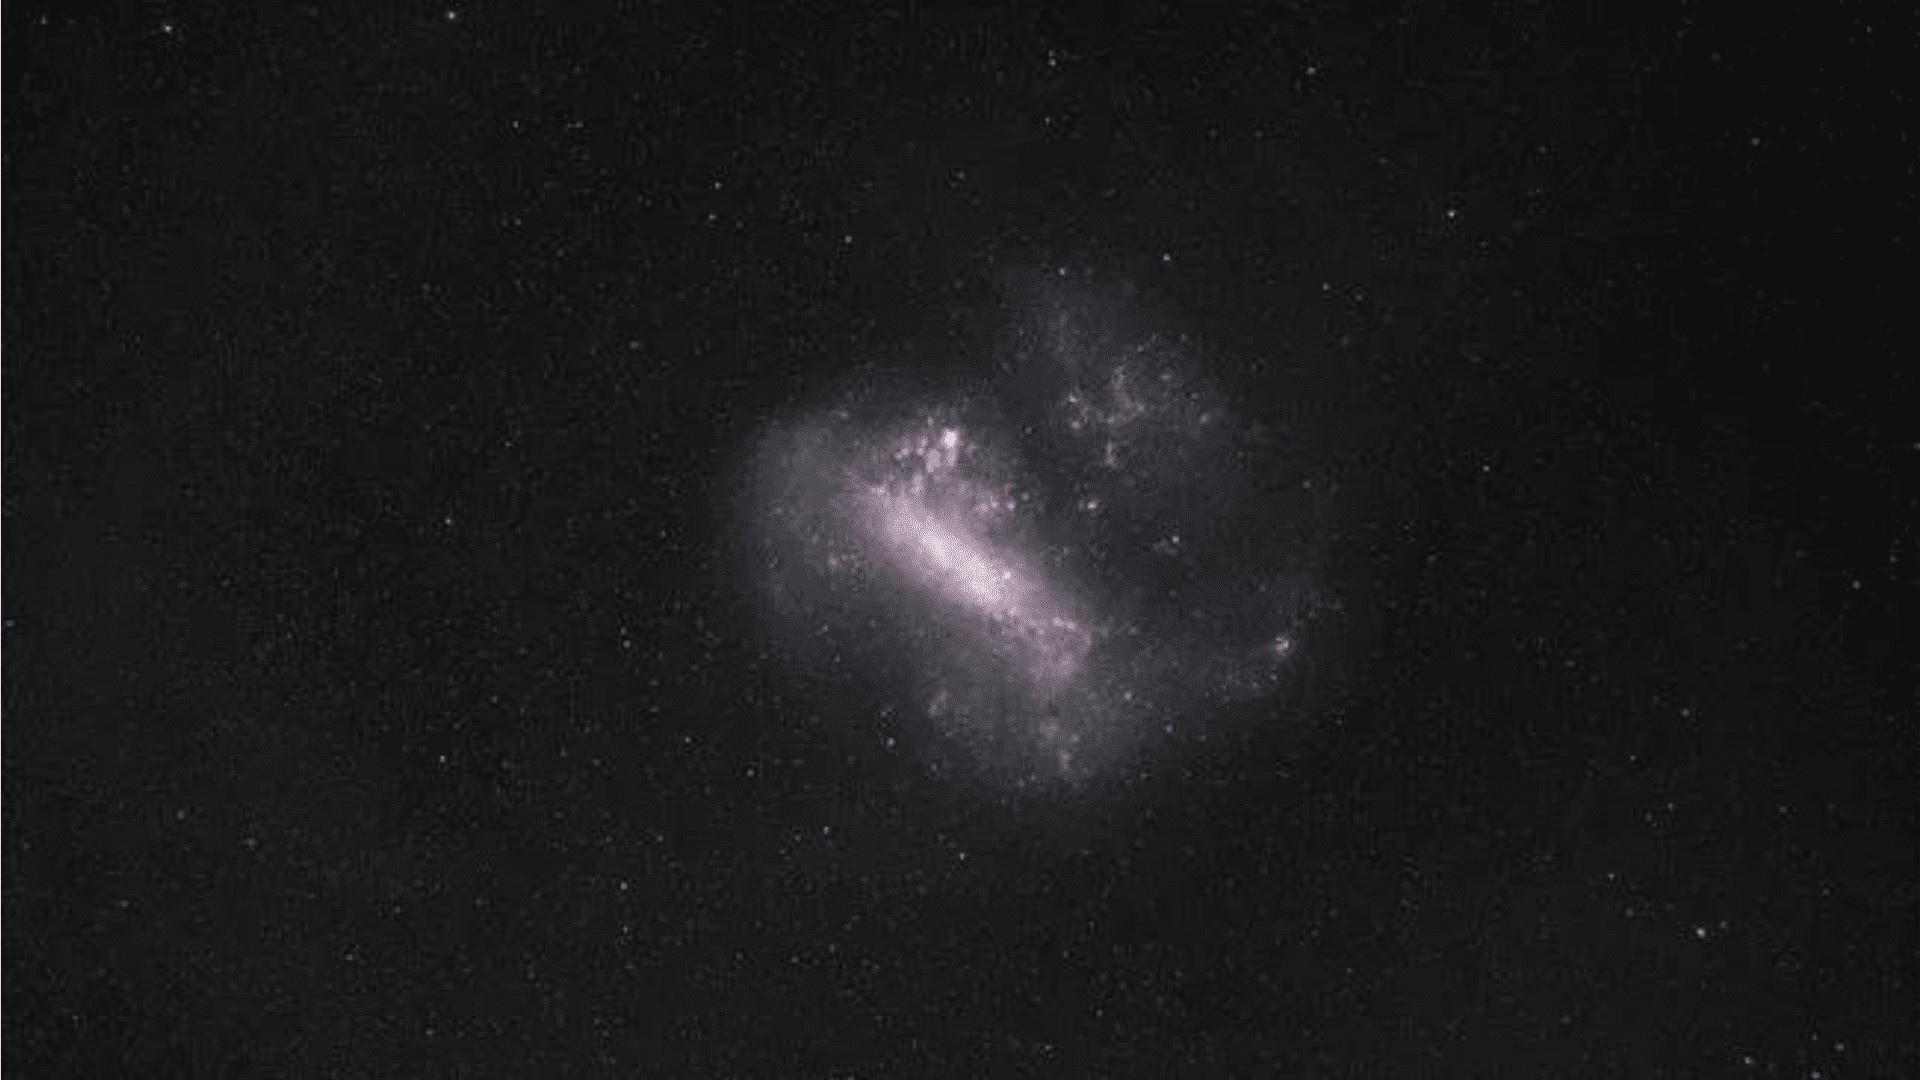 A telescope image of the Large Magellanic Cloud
----------------
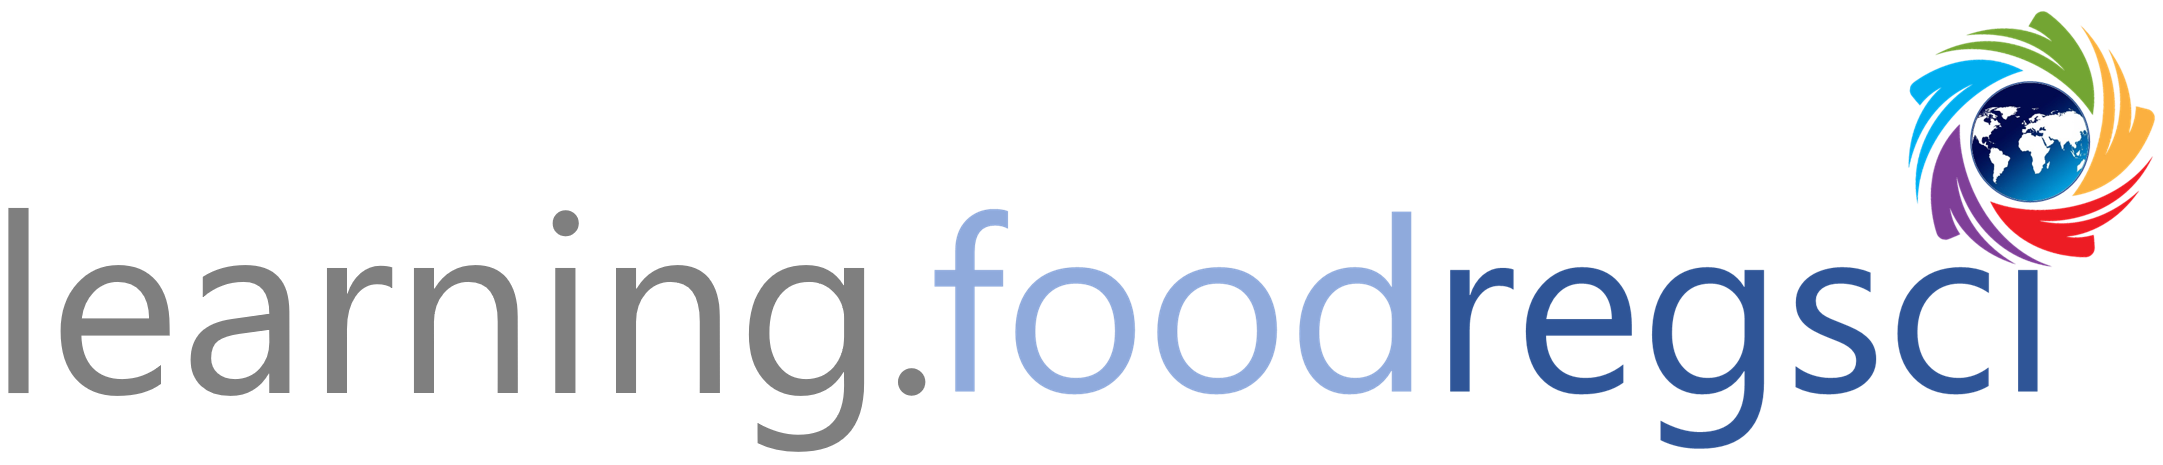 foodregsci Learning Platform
----------------
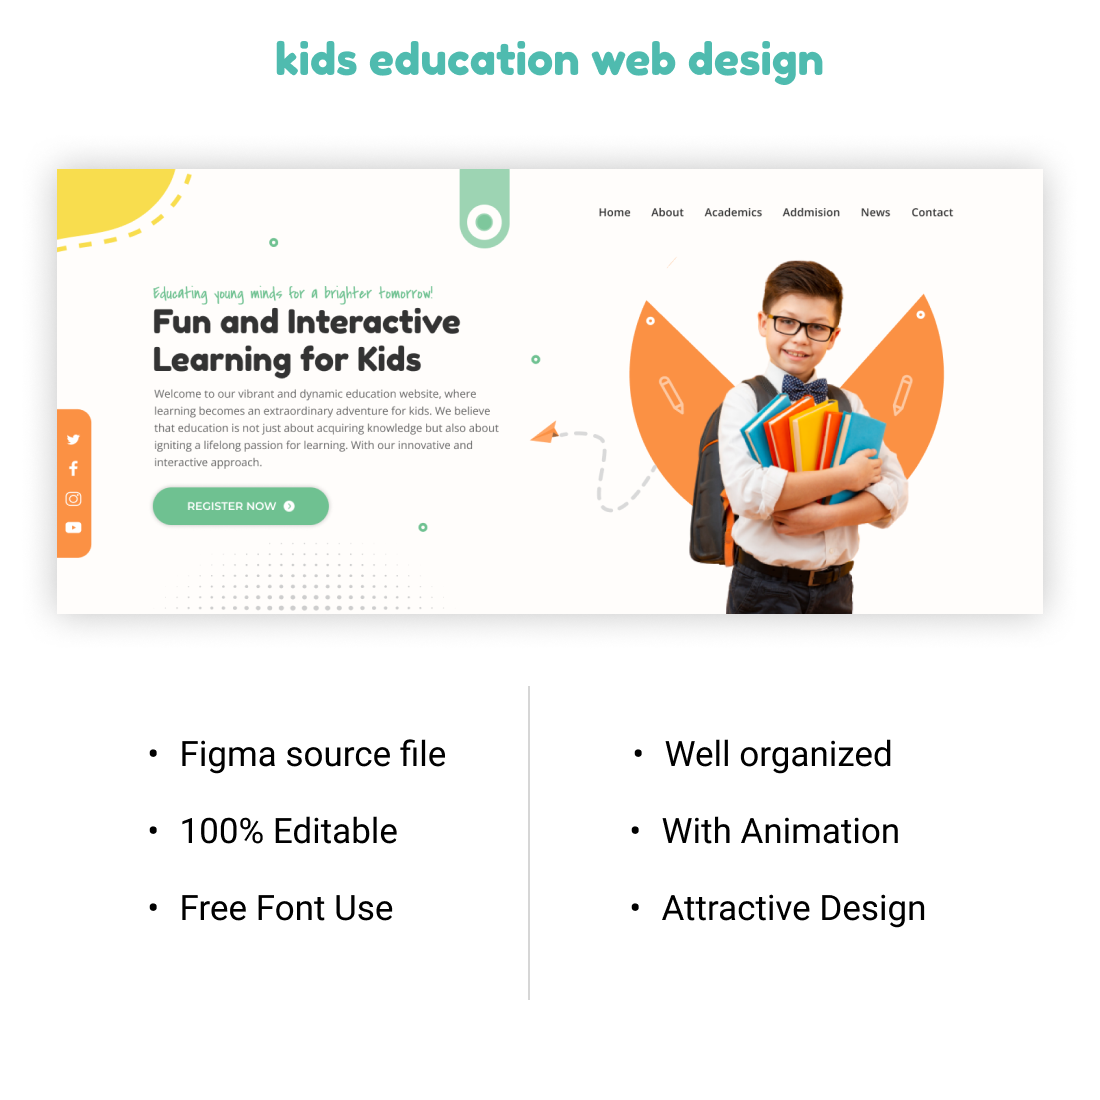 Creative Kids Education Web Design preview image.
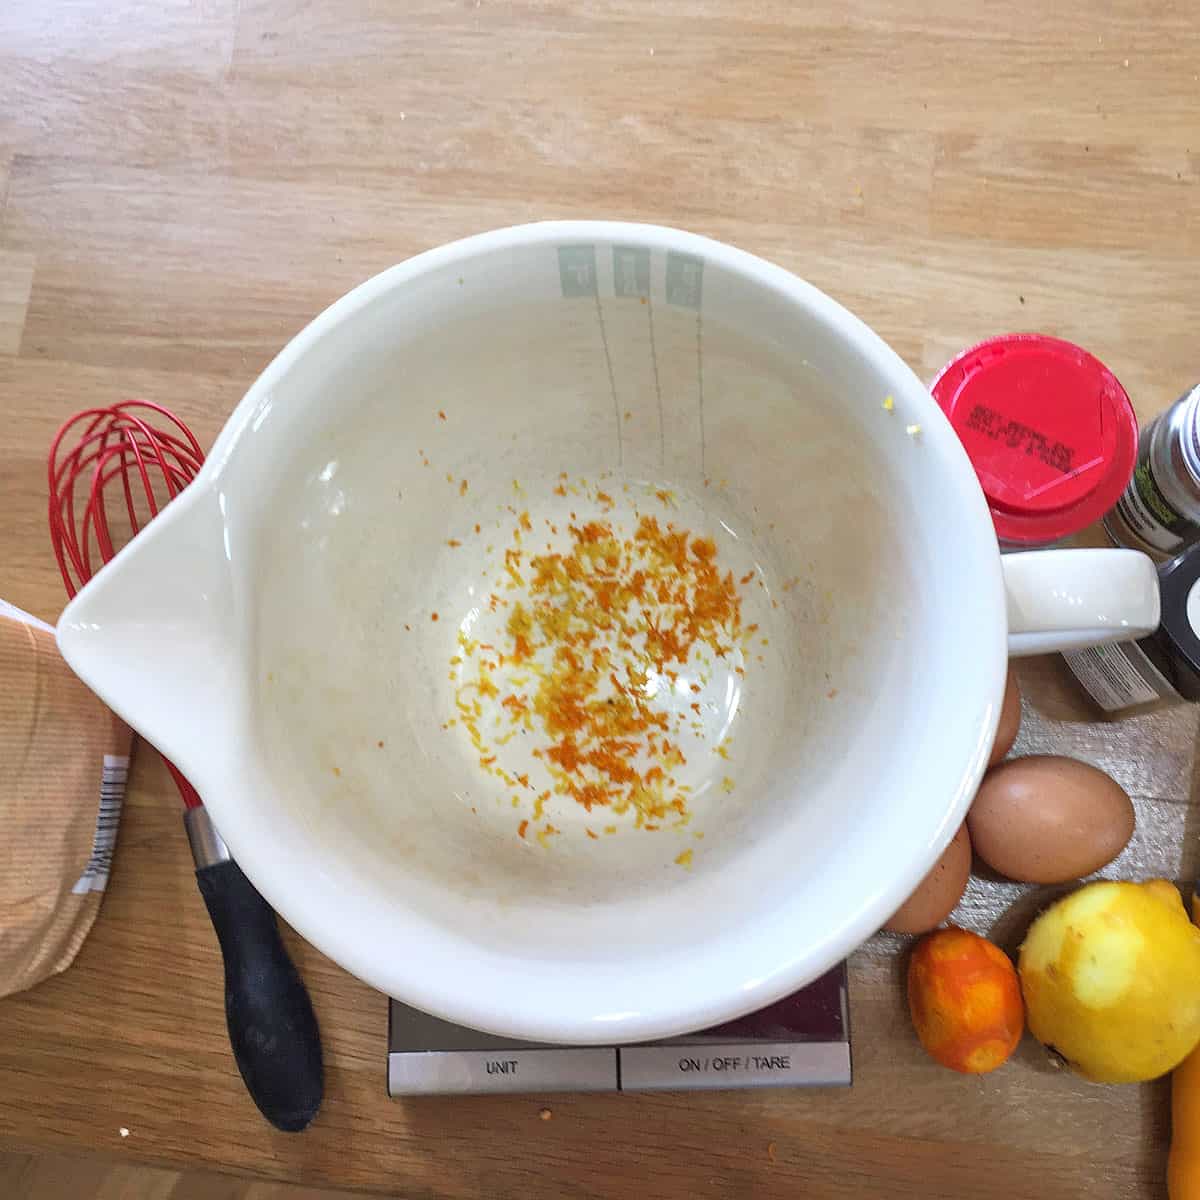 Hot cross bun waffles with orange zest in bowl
----------------
• **Task item**: Extract, without any images, the part of the material above that opens with the line containing "Creative Kids Education" and closes with the line containing "Hot cross bun", both lines included.

• **Problem solution**:
 Creative Kids Education Web Design preview image.
 Hot cross bun waffles with orange zest in bowl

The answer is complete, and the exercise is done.